Ontario’s 2025 winter-loss numbers brought some relief, but not comfort.
After the severe losses reported for the 2023–2024 winter, Ontario beekeepers saw improvement during the 2024–2025 season. The province’s official apiculture winter loss report estimated 37% overwinter mortality for commercial beekeepers, down from 50% the year before. Small-scale beekeepers were estimated at approximately 43% winter loss, meaning smaller operations still lost colonies at a higher rate than commercial operators.
That is progress. But it is not a good number.
A 37% winter loss means more than one out of every three colonies is dead or non-viable by spring. For a beekeeper with 100 colonies, that is 37 colonies gone before the season begins. For someone with two hives in the backyard, losing one colony is a 50% loss. Losing both means starting over completely.

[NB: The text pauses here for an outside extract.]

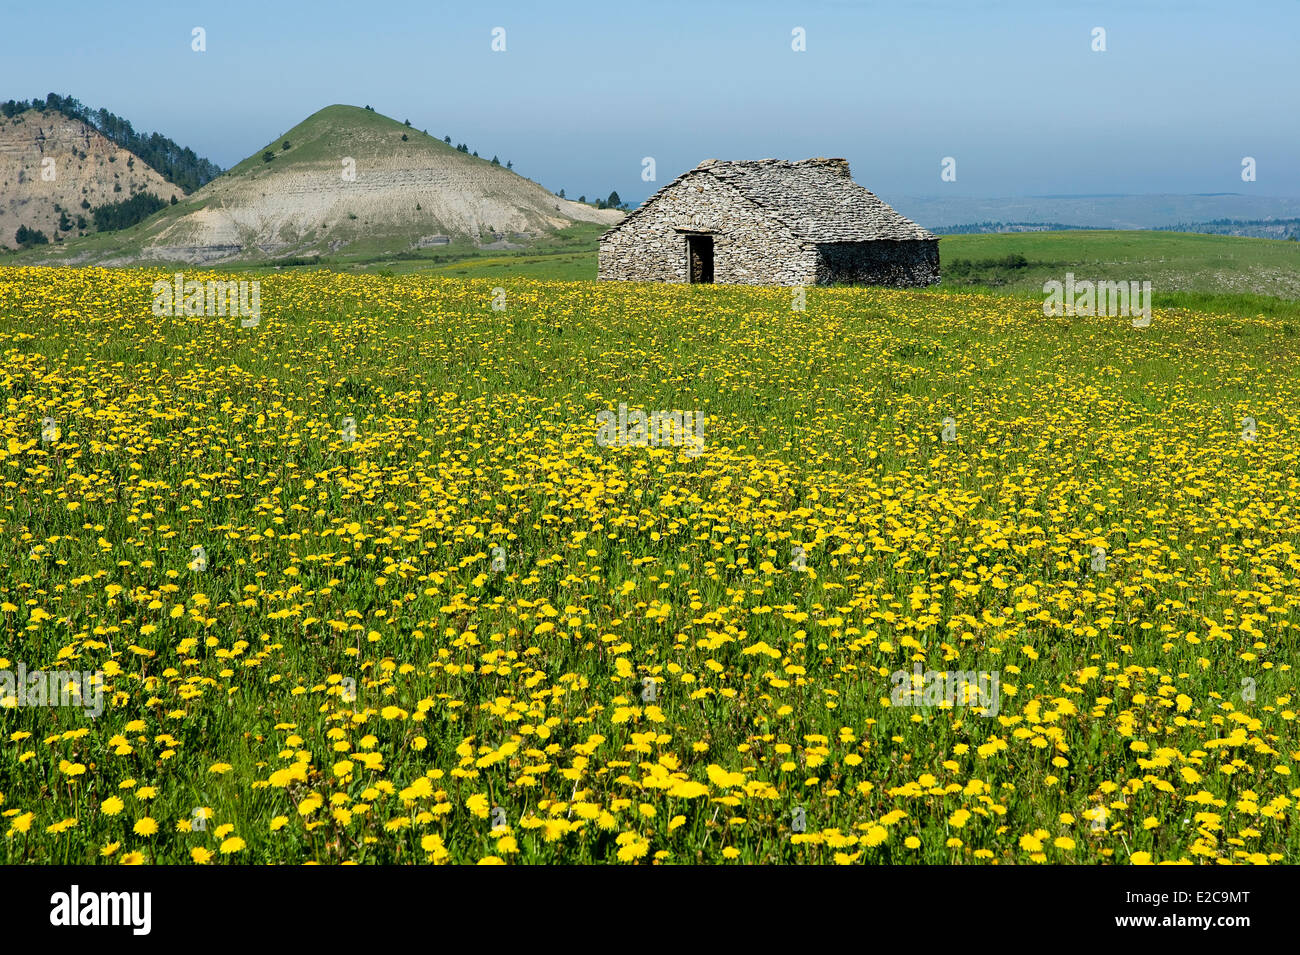 France, Lozere, Les Bondons, the puech or hills detrital - Stock Image

The Ontario Beekeepers’ Association reported a similar pattern in its 2025 Winter Loss Survey. In spring 2025, 642 Ontario beekeepers reported on 27,465 colonies that had gone into winter in fall 2024. The survey found an average winter loss of 33.5% and a median loss of 36%. It also reported an additional 8.8% average in-season loss, bringing the total reported loss over the previous beekeeping year to 39.3%.
That last number matters. Winter loss gets most of the attention, but colonies can also fail before they ever reach winter. A colony that collapses in late summer or fall may never be counted as a winter dead-out, but it still represents the same thing to the beekeeper: lost bees, lost production, lost time, and another unit that has to be rebuilt.
Better than last year does not mean sustainable
It is tempting to treat the 2025 numbers as good news because they improved from the year before. In one sense, they are good news. A drop from roughly 50% to 37% commercial overwinter mortality is meaningful. It means more colonies survived, more equipment went into spring with bees in it, and fewer beekeepers were facing the worst-case scenario.
But a loss rate in the mid-30% range is still not where the industry wants to be.
Ontario’s own historical winter-loss reports reference 15% overwinter loss as the maximum level generally considered acceptable and sustainable by the Canadian beekeeping industry. By that standard, Ontario’s 2025 losses were still more than double the sustainable benchmark.
That is the point new beekeepers need to understand. The headline is not “everything is fine now.” The real message is:
Ontario losses improved, but beekeeping remains under heavy biological and management pressure.
The losses are not evenly distributed
The provincial average hides a major difference between operation sizes.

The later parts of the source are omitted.